Earlier in the day, after a courtroom drama to rival the best on the silver screen, two of Mamata Banerjee’s senior ministers and two other political heavyweights, arrested and jailed in the Narada bribery case, were put under house arrest.

Rejecting the CBI’s plea against the house arrest order, the court also allowed the ministers to access files and hold video conferences to deal with the coronavirus crisis in the state.

The order was passed after a difference of opinion split the two-member bench – Acting Chief Justice Rajesh Bindal ordered house arrest but Justice Arijit Banerjee ordered interim bail.

Trinamool MP Kalyan Banerjee – also named by the CBI in the case – had requested for the higher bench to be set up.

The court also rejected a CBI request to stay its house arrest order – which will mean the four can now leave jail.

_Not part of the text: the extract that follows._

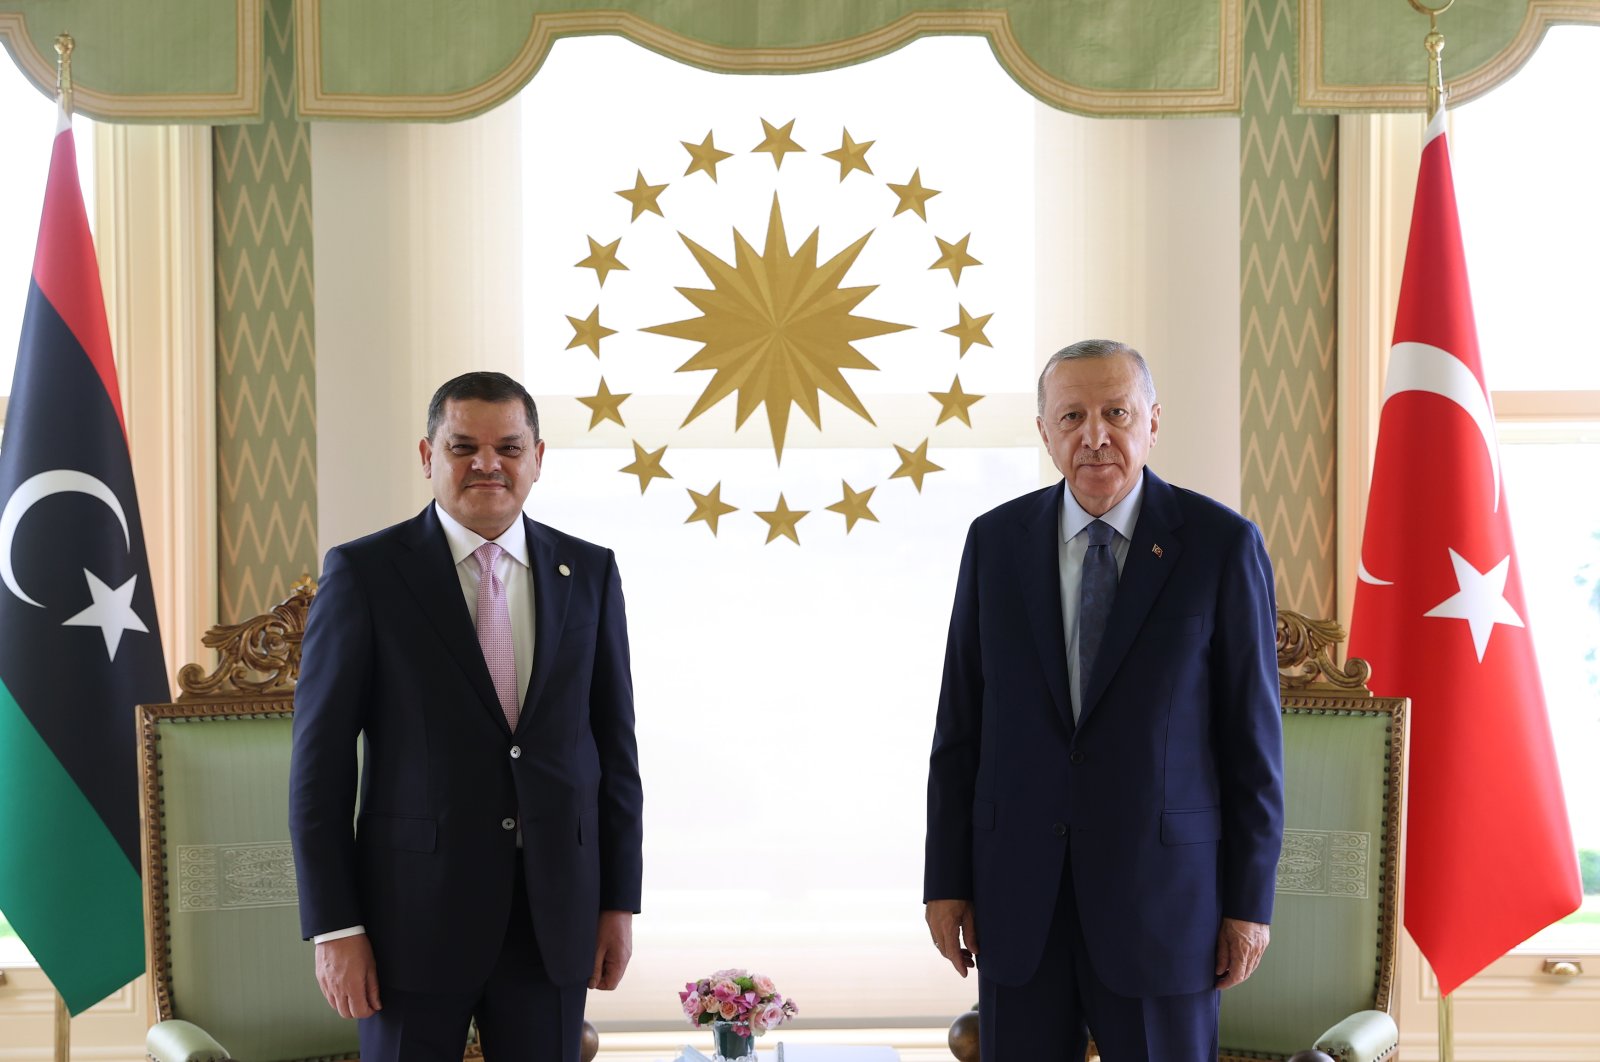 Turkish President Recep Tayyip Erdoğan (R) poses for a photo with the Libyan Prime Minister Abdul Hamid Dbeibah in Istanbul, Aug. 7, 2021. (AA Photo)
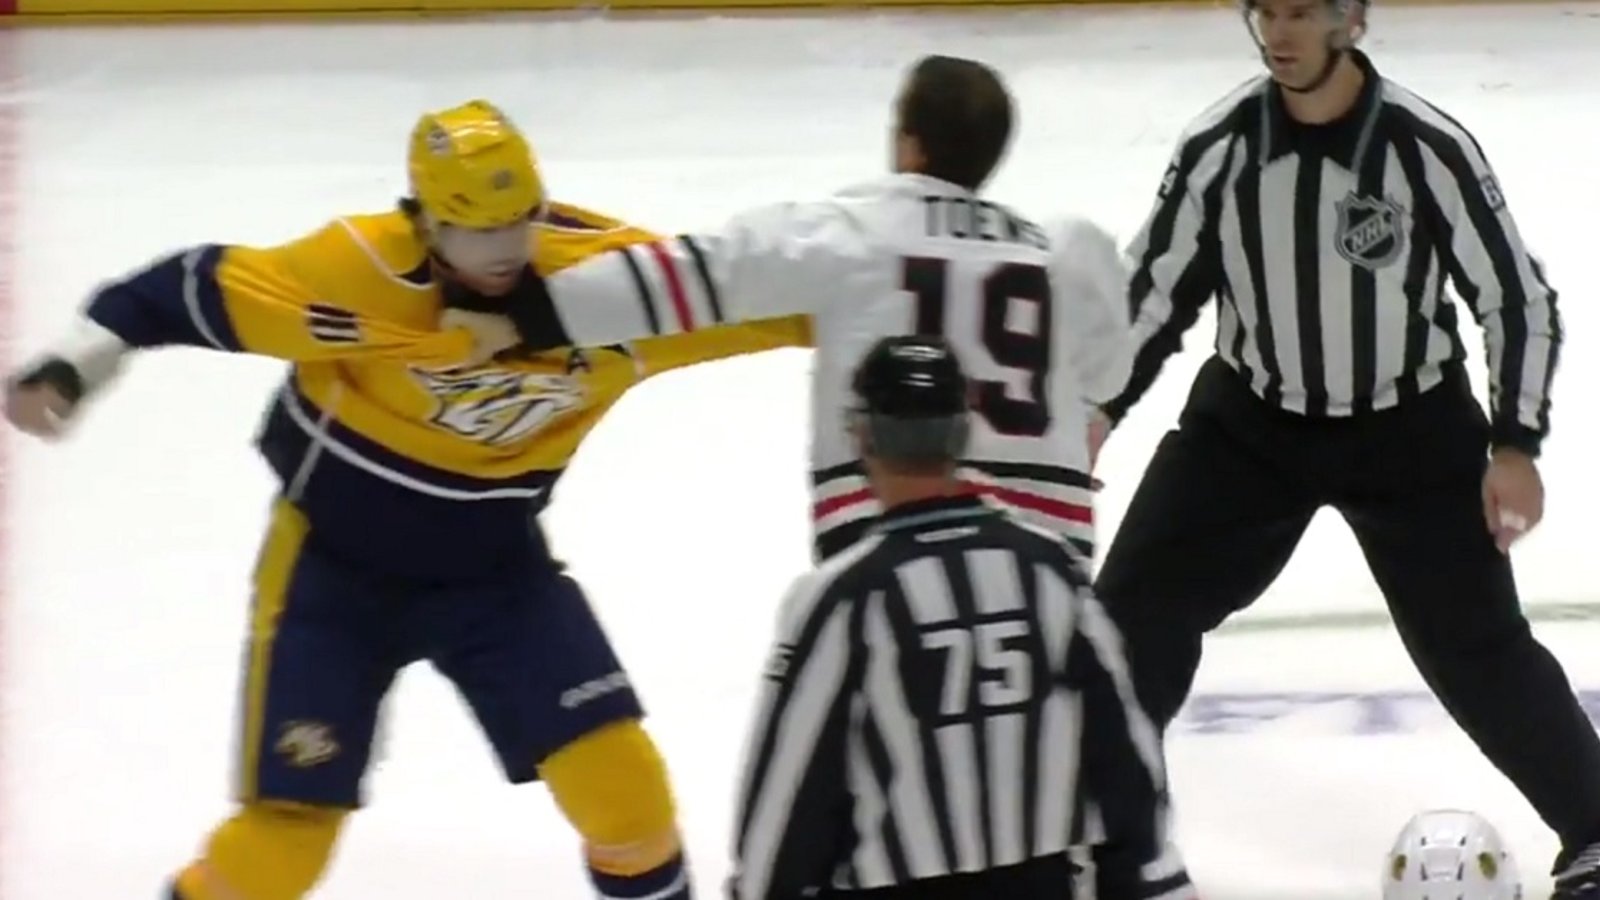 Breaking: Watch Jonathan Toews drop the gloves on Friday night!

The agency had argued the four were influential leaders and could threaten witnesses.

Sources, however, said the CBI can challenge the order in the Supreme Court.

Lawyers for the CBI and the four politicians both opposed the house arrest orders during the day’s hearing.

Appearing for the central agency Solicitor General Tushar Mehta asked the court to stay its order and keep the four leaders in custody; he said they could threaten witnesses and the system.

The agency wants all proceedings to be transferred out of state and to itself – a special CBI court.

Senior advocates Abhishek Singhvi and Sidharth Luthra pressed for an interim bail for their clients and asked the larger bench be constituted as soon as possible. They argued house arrest, which they said was ordered mid-way through the hearing, meant their plea was rejected.

The four politicians – Mr Hakim, Mr Mukherjee, MLA Madan Mitra and former Trinamool member Sovan Chatterjee – were arrested Monday morning from their residences in the city.

The arrests led to massive protests and a furious Mamata Banerjee, who has been made a party to the case raced to the CBI’s Kolkata office, daring investigators to arrest her too.

The Trinamool has questioned the timing of these arrests, which come days after Ms Banerjee’s victory in April-May elections that devolved into a battle with Prime Minister Narendra Modi.

The party has also questioned the decision to not prosecute Suvendu Adhikari – an ex-Trinamool member who is now a BJP MLA – and Mukul Roy – another ex-party leader now with the BJP.

The Narada case involves a 2014 sting op by a journalist who posed as a businessman planning to invest in Bengal. He gave wads of cash to seven Trinamool MPs, four ministers, one MLA and a police officer as a bribe and taped the entire exchange.

The tapes were released just before the 2016 assembly elections in the state.